Personal information
- Native name: विधान लामा
- Nationality: Nepalese
- Born: 22 March 1966 (age 60) Lainchour, Kathmandu, Nepal
- Height: 160.02 cm (5 ft 3 in)
- Weight: 50 kg (110 lb)
- Children: 3 daughters and a son

Sport
- Sport: Taekwondo
- Rank: Shichidan Black belt in Taekwondo
- Event: 50kg finweight
- Coached by: Kailash Rai
- Retired: 1990

Medal record
Representing Nepal
| Event | 1st | 2nd | 3rd |
| Olympic Games | - | – | 1 |
| World Championships | - | – | 1 |
| Asian Championships | - | 1 | – |
| Asian Games | - | - | 1 |
| Total | 0 | 1 | 3 |
Olympic Games
| Bronze medal – third place | 1988 Seoul | -50 kg |
World Championships
| Bronze medal – third place | 1987 Barcelona | -50 kg |
Asian Championships
| Silver medal – second place | 1988 Kathmandu | -50 kg |
Asian Games
| Bronze medal – third place | 1986 Seoul | -50 kg |

= Bidhan Lama =

Nepalese taekwondo practitioner

Bidhan Lama (विधान लामा; born 22 March 1966) is a Nepalese taekwondo practitioner who competed in the men's −50 kg division.

Lama won a bronze medal at the 1986 Asian Games in the men's 50kg finweight event, becoming the first Nepali athlete to win a medal at the Asian Games. He also won bronze medals at the 1987 World Taekwondo Championships and in the taekwondo demonstration event at the 1988 Summer Olympics.

His bronze medal at the 1987 World Taekwondo Championships made him the first Nepali athlete to win a medal at a world championship in an Olympic sport. As of 2026, he remains the only Nepali athlete to have won a medal at the Summer Olympics.

Lama represented the Nepal Taekwondo Association throughout his competitive career.

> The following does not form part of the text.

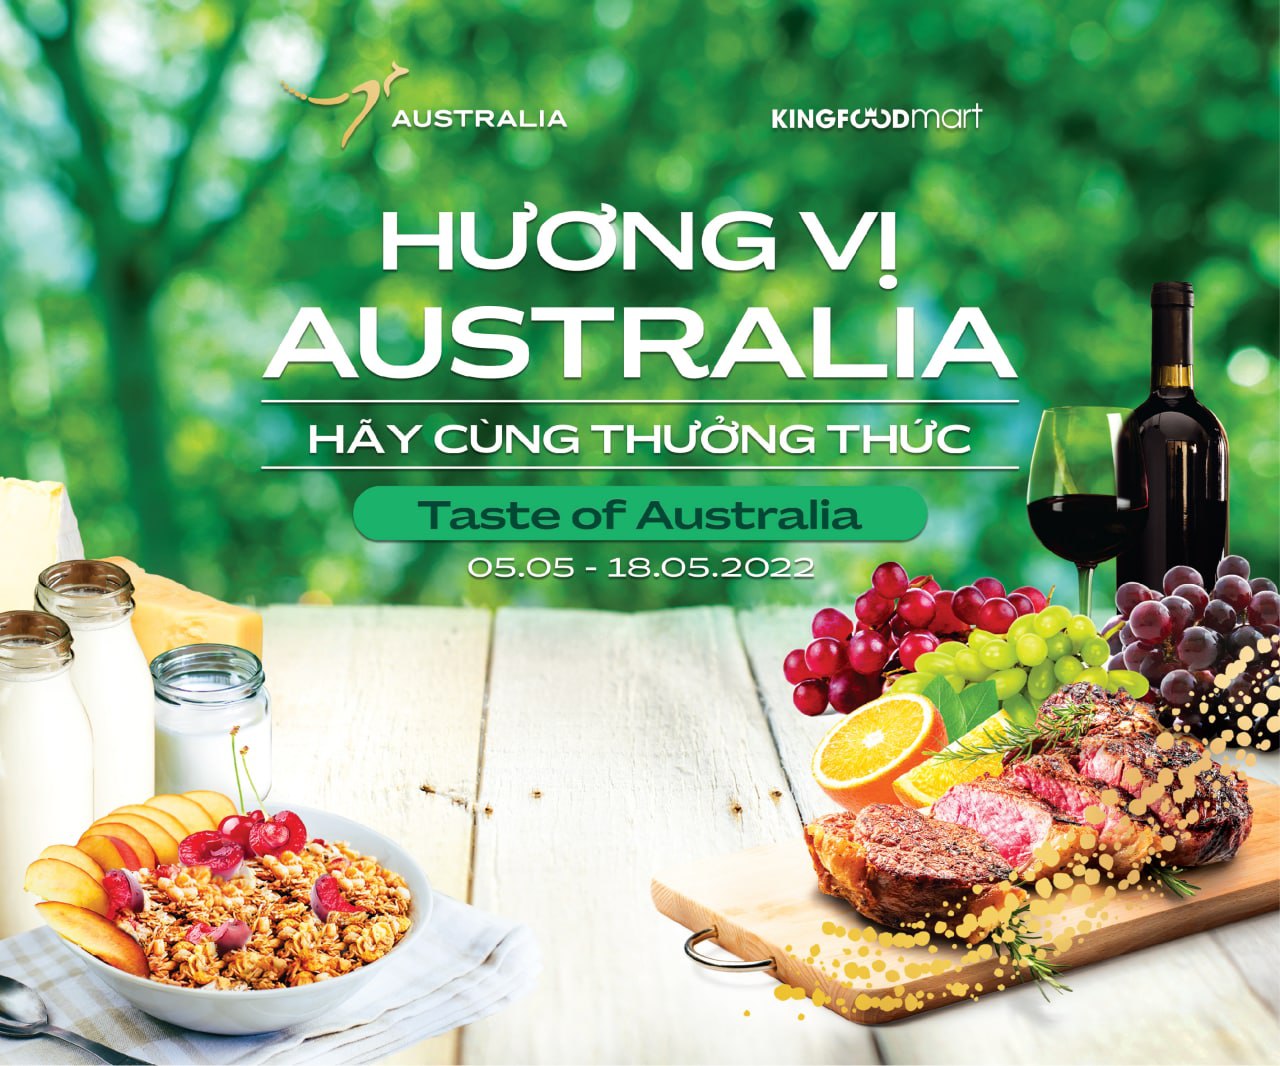 Trải Nghiệm Lễ Hội “Hương Vị Australia” 2022 Ngay Tại Kingfoodmart!

At the 1988 Summer Olympics, he defeated Ebenezer Ghansah of Great Britain in the opening round and Choi Chan-ok of West Germany in the quarter-finals before losing to Juan Moreno of the United States in the semi-finals, earning a bronze medal in the demonstration event.

He also won a silver medal at the 1988 Asian Taekwondo Championships, the first silver medal won by Nepal at the championships.

== Post-competitive career ==
After his competitive career, Lama moved to the United States in the early 1990s. He has stated in interviews that the move was for educational and professional opportunities and to support his family.

In 1995, Lama established a taekwondo training center in the United States. He subsequently worked as a taekwondo instructor and has continued to promote taekwondo among the Nepalese diaspora while supporting the development of the sport in Nepal.

== Awards and honours ==

=== National honours ===
==== Nepal ====
- 1986 – Order of Gorkha Dakshina Bahu, Member Fifth Class
- 1987 – Order of Gorkha Dakshina Bahu, Member Fourth Class

== Legacy ==
Lama is regarded as one of the pioneers of taekwondo in Nepal. His bronze medal at the 1986 Asian Games was Nepal's first medal at the Asian Games, while his bronze medal at the 1987 World Taekwondo Championships was the country's first medal at a world championship in an Olympic sport. His achievements contributed to the growth of taekwondo in Nepal and earned him national honours, including the Fourth and Fifth Class of the Order of Gorkha Dakshina Bahu.